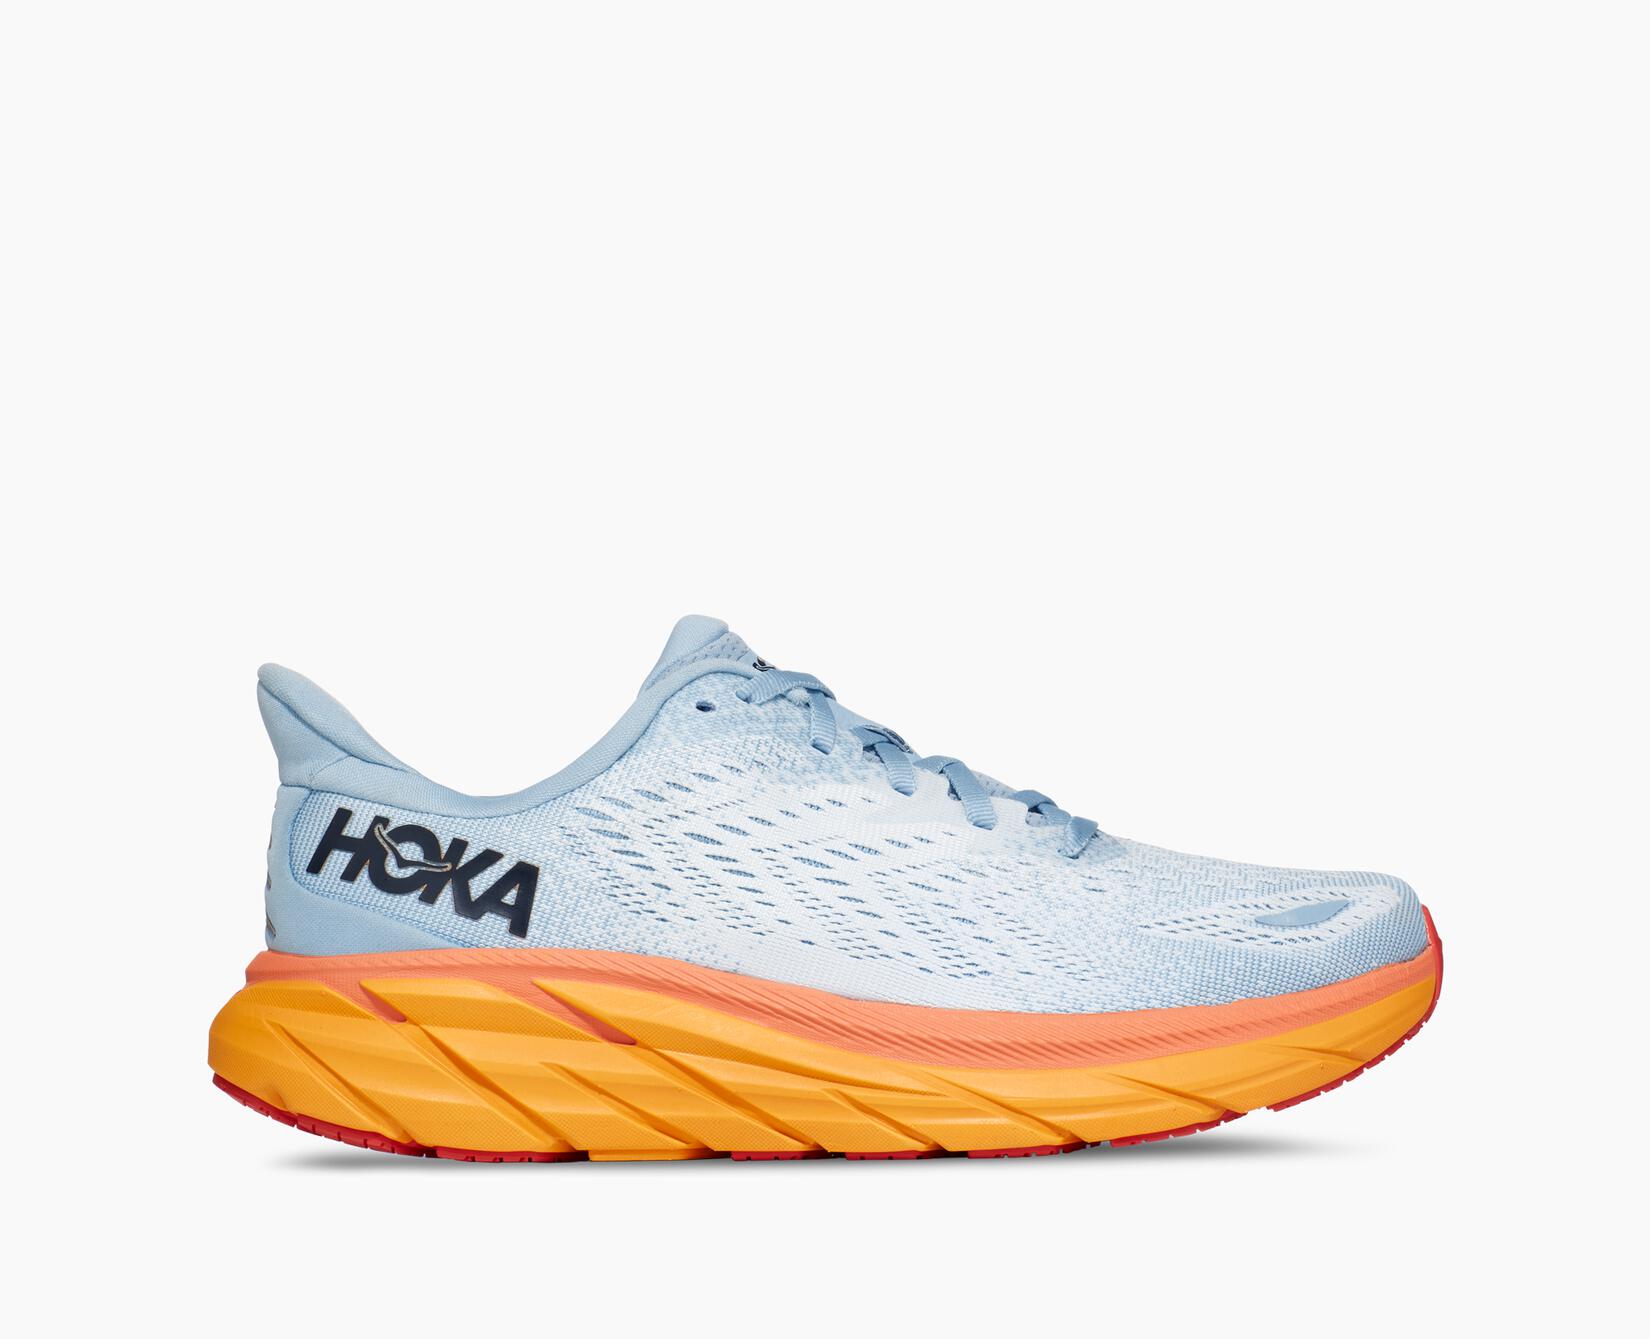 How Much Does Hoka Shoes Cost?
== == ==
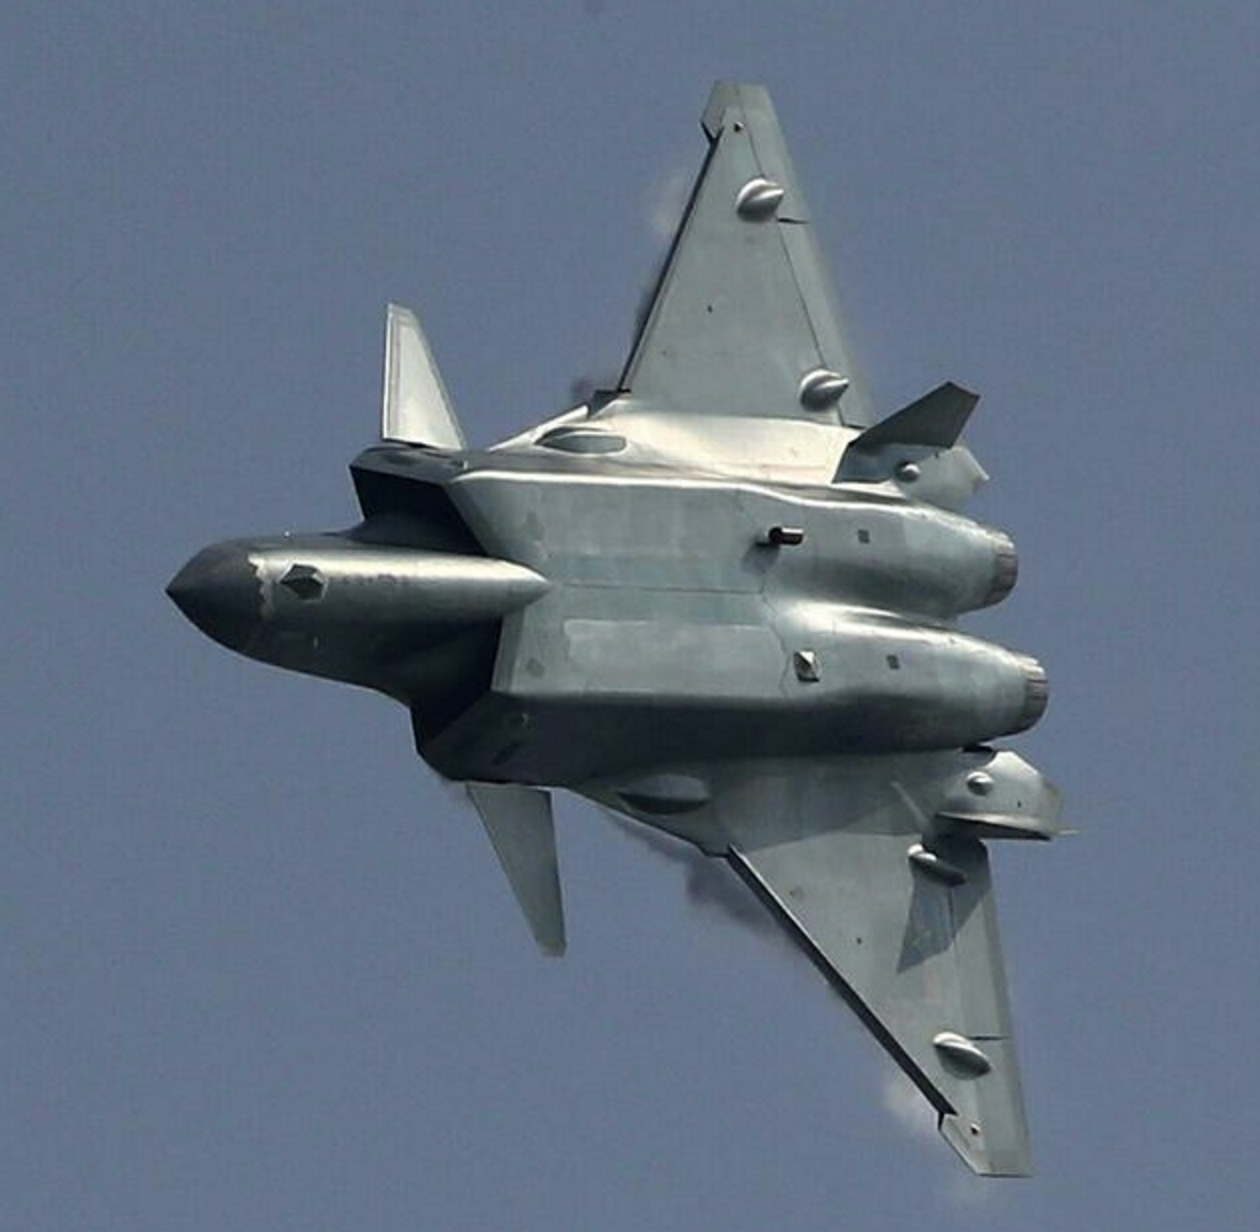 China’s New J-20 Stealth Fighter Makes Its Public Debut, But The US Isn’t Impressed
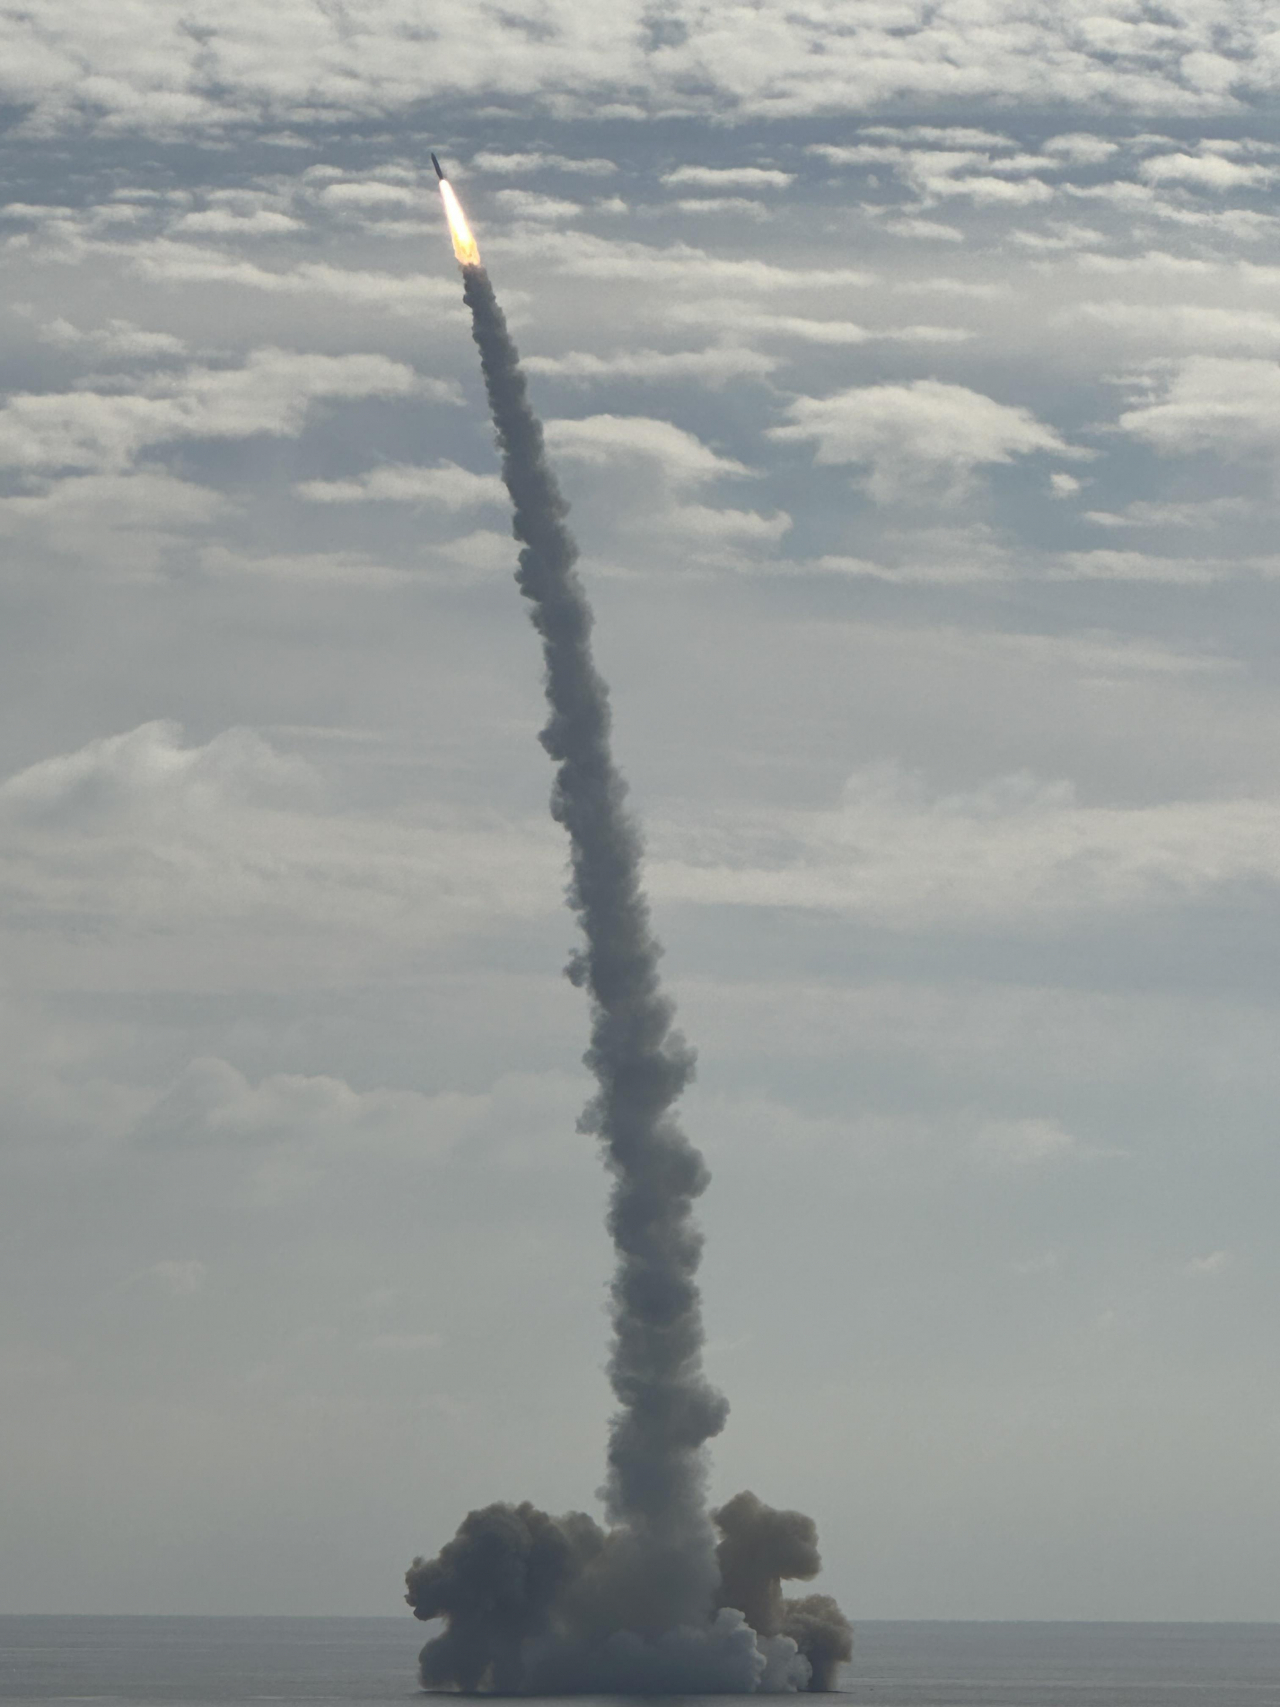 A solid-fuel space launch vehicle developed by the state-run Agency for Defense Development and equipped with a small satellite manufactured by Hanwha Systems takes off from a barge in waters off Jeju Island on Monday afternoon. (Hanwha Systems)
== == ==
• _Exercise directions_: Go back to the listing above and reproduce, exactly, the stretch from the line bearing "China’s New J-20" through the line bearing "A solid-fuel space", without its pictures.

• _Task response_:
 China’s New J-20 Stealth Fighter Makes Its Public Debut, But The US Isn’t Impressed
 A solid-fuel space launch vehicle developed by the state-run Agency for Defense Development and equipped with a small satellite manufactured by Hanwha Systems takes off from a barge in waters off Jeju Island on Monday afternoon. (Hanwha Systems)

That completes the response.